Тем не менее, и здесь у Арбузоголового получился облом, как с прочими его просветительскими кампаниями: от ироничной ухмылки по поводу миссионерского рвения до рвотной реакции, вызывающей отвращение & судороги в желудке, всего 1 шаг; и результатом глубоко въевшейся в мою память, зацепившейся за нее ассоциации – ведь у меня не было оснований полагать, что эта смесь, однажды объявленная спасением&благословением, когда-нибудь сама собой бесследно исчезнет, – стало то обстоятельство, что Арбузоголовый (как и авторша книги) неизменно виделись мне окутанными облаками теплых мочеиспарений.– Эти 2 направления просветительской деятельности Арбузоголового были для меня – как, думаю, и для моих соратников по Легиону – достаточным основанием, чтобы по возможности избегать его общества.
Человек этот мог бы стать баловнем приверженных китчу женщин & прочих филантропов, если бы из-за ленности, наложившей отпечаток на его внешний облик и заложенной в самой его натуре, у него не отсутствовали главные качества, которых ждут от исполнителя роли писсуарного попечителя: а именно, подспудное-инстинктивное, пусть и засыпанное позднейшими отложениями, но явственно ощутимое мужское=сильное начало; как и другое, мужское=слабое; а также – пусть тоже засыпанное – добротное ядро; и – непременно – знание кичащихся своим добродушием женщин, умение прислониться к мужчинам, тоже не вовсе лишенным доброй воли. –:!Этого, прежде всего, ему не хватало, потому что его выставляемая напоказ сущность не могла не возбуждать подозрение, что человек с такой внешностью, явно испытывающий неприязнь к любым телесным-движениям & формам- физической-активности, должен быть слишком ленивым и как сексуальный партнер. Так и получилось, что уделом арбузоголового брюзги стала мелочная, подпитываемая ежевечерней выпивкой борьба против всех и каждого, а в конечном счете – против себя самого.
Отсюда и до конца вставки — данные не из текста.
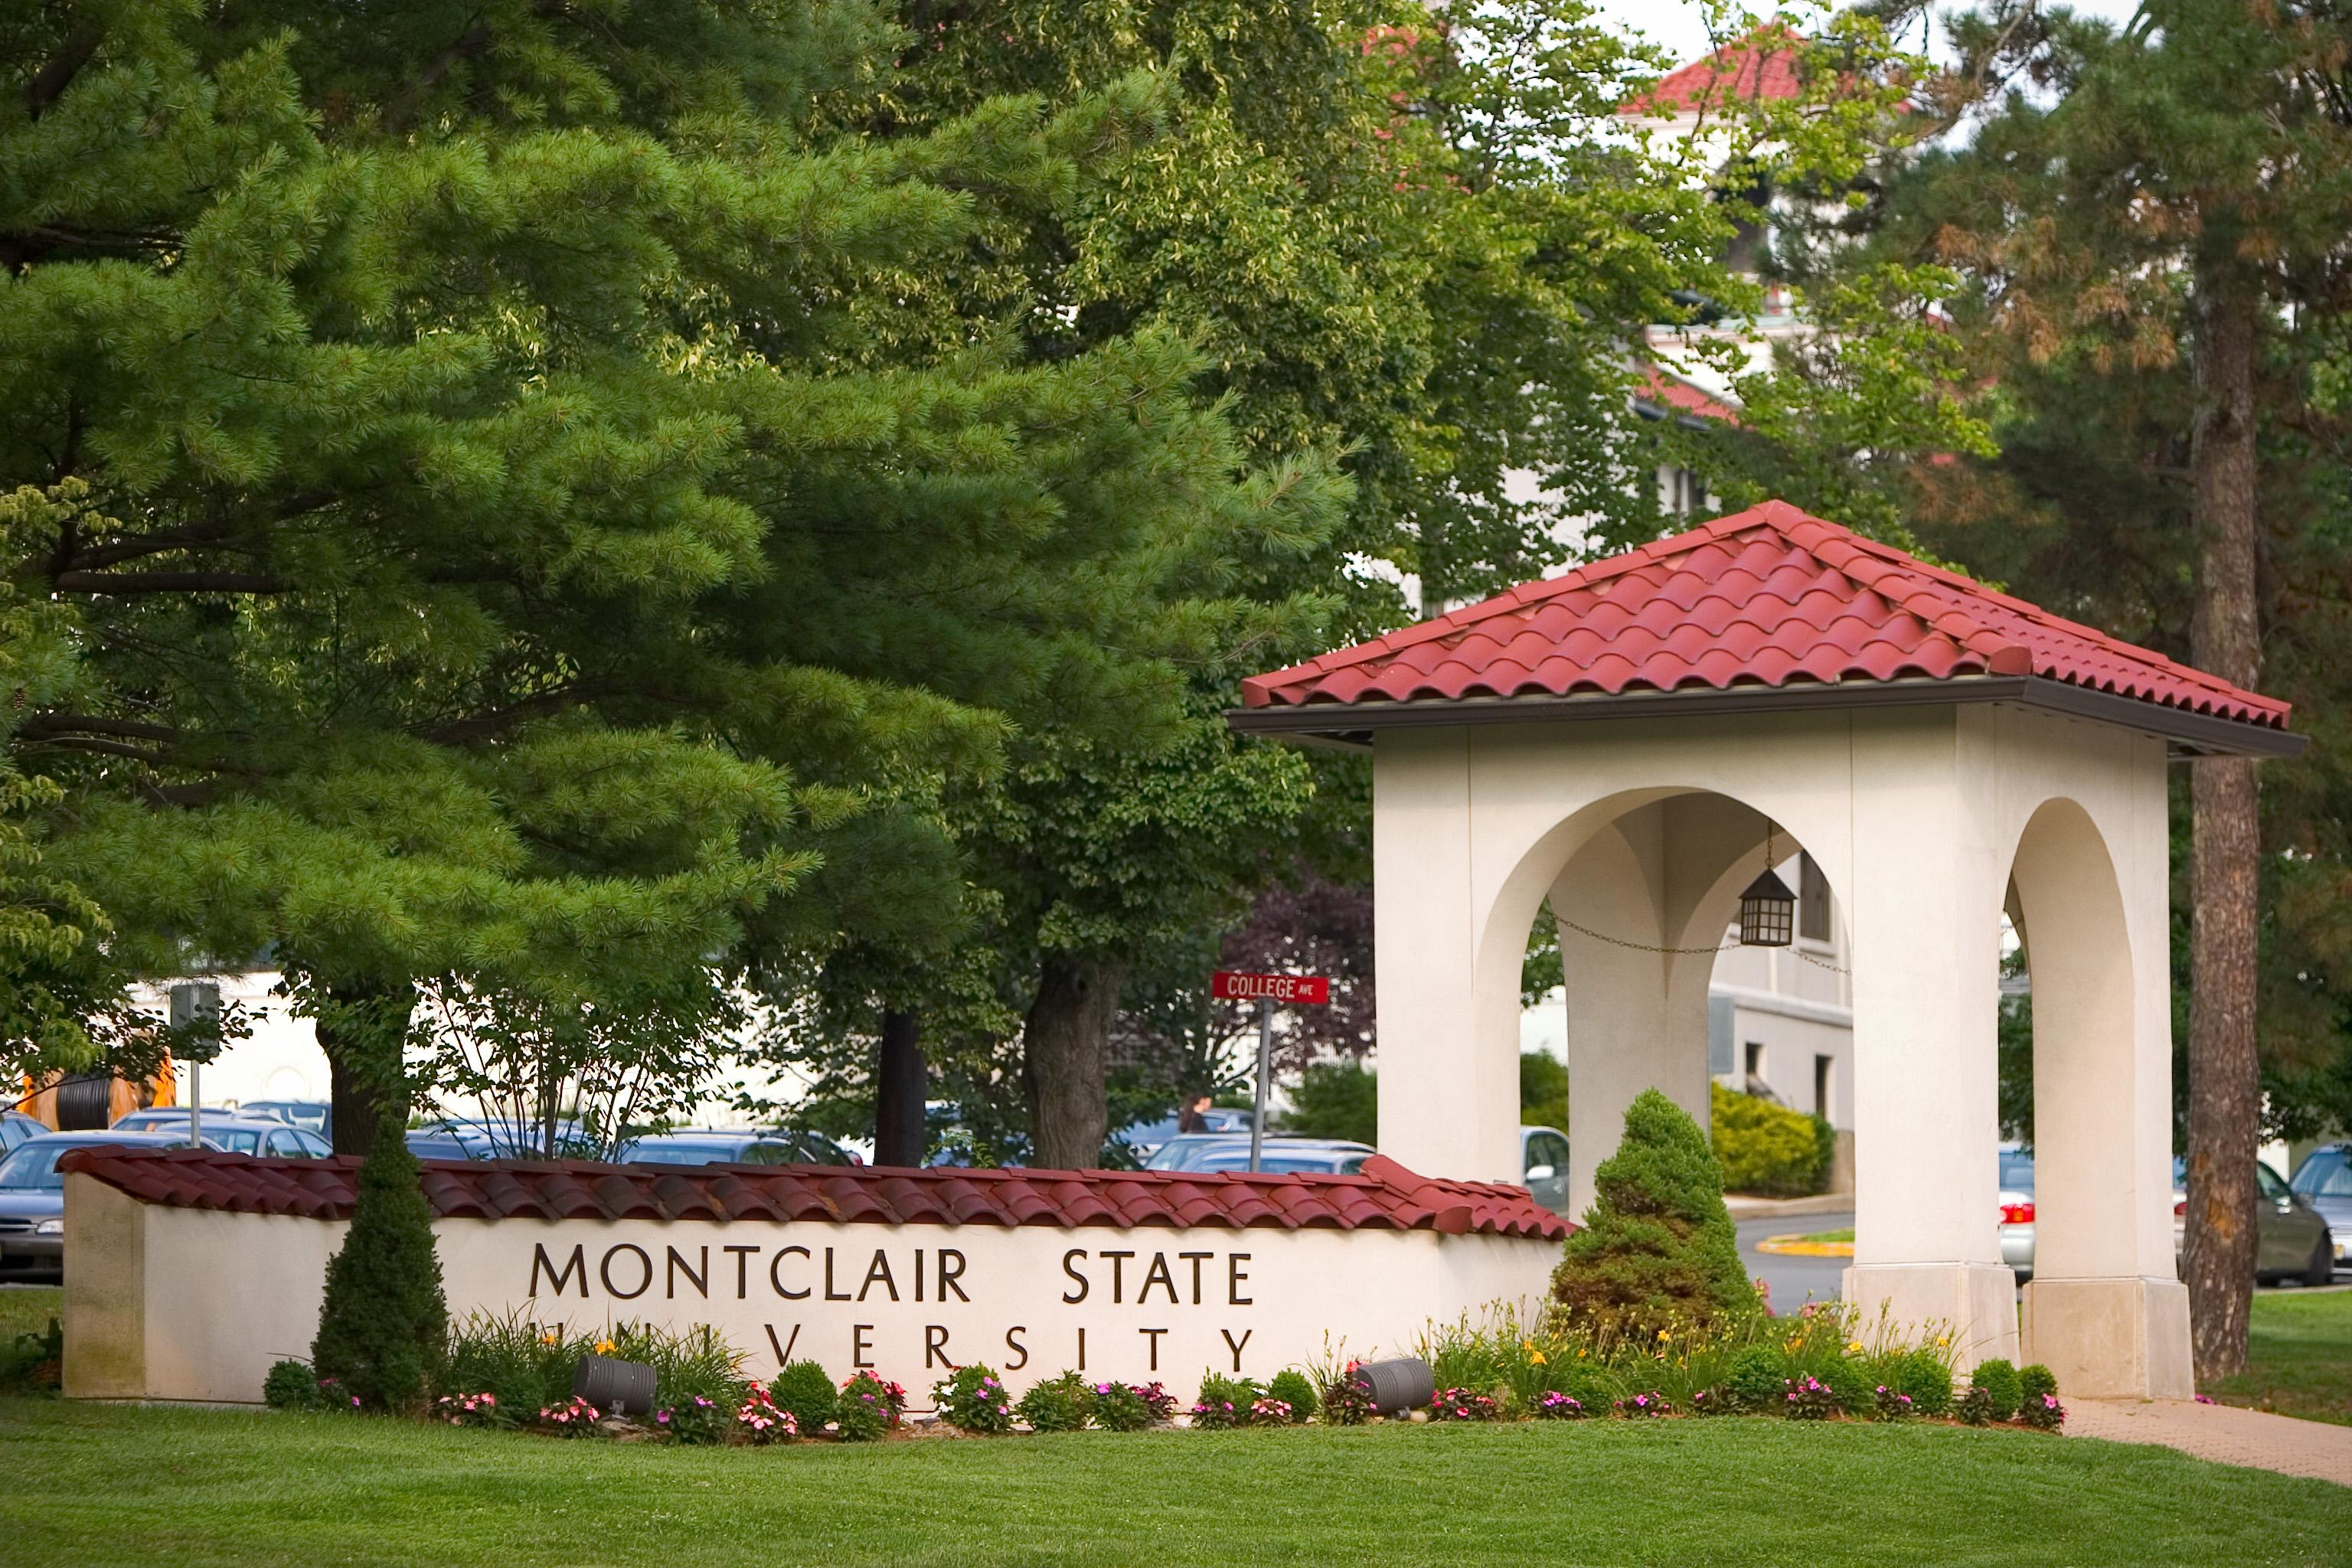 montclair_state.jpg

Тем не менее, он умел, как я убедился – среди прочего, и на примере его обращения со мной, – активизировать низшие инстинкты групповой солидарности, сочувствия товарищам; взращивать эти инстинкты на дурной почве своей конфликтности и даже пожинать какие-то полезные для=себя плоды. Свой особый статус он сохранял годами, что было редкостью для Иностранного легиона.
Это название, как я слышал, выдумал для нашей строительной бригады, много лет назад, 1 тогда уже пожилой человек. Он, этот человек, прежде служил в настоящем Иностранном легионе – послевоенные неурядицы вынудили его заняться такой работой. Говорили, что он ни разу ни словом не обмолвился о своем легионерском прошлом – если не считать имени, которое он дал бригаде. Позже, рассказывали мне (и звучало это как пересказ мыльной оперы), он получил какое-то наследство, !свыше полу!миллиона марок, и тогда – что !неудивительно – в одну прекрасную ночь исчез из строительной колонны. (Некоторые уверяли, будто человек этот потратил все свое наследство на то, чтобы приобрести экипировку профессионального наемника, после чего, снарядившись таким образом, напоминая туго перетянутый окорок, с остриженными под машинку волосами & в крепких, годящихся для лета и зимы десантных бутсах (:у НИХ загорались глаза, когда ОНИ переходили к деталям его обмундирования : Никогда еще я не видал молодежь, которая была бы ближе к государству, чем сегодняшняя; такая близость означает для нее гибель, ибо тот, кто слишком приближается к государству, неизбежно становится тем, в чем государство нуждается постоянно: пушечным мясом…..), – ведь он знал, что никогда не затухают пламена дерьмовых войн, не имеющих ничего общего с теми войнами, о которых мы знаем по фильмам и историческим книгам, но состоящих из конвульсивных-передвижений грабительских-набегов поспешных- микро-геноцидов захватов-добычи & последующих разбеганий-по-тараканьим-щелям; войн, для которых постоянно лишь шипящее пламя ненависти, как огонь из реактивного двигателя, которое, кажется, катапультирует все новые и новые безжалостные конфликты; так вот, человек этот, который якобы наплевал на комфортную жизнь, ожидавшую его как наследника полумиллионного состояния, который напоминал в своем обмундировании жирно поблескивающий боёк винтовки & обладал рефлексами хищного зверя – волка пантеры гиены, – устремился куда-то на край света в болота джунгли пустыни как один=из-этих Dogs of War[10] …..) Но на самом деле никто больше о нем не слыхал.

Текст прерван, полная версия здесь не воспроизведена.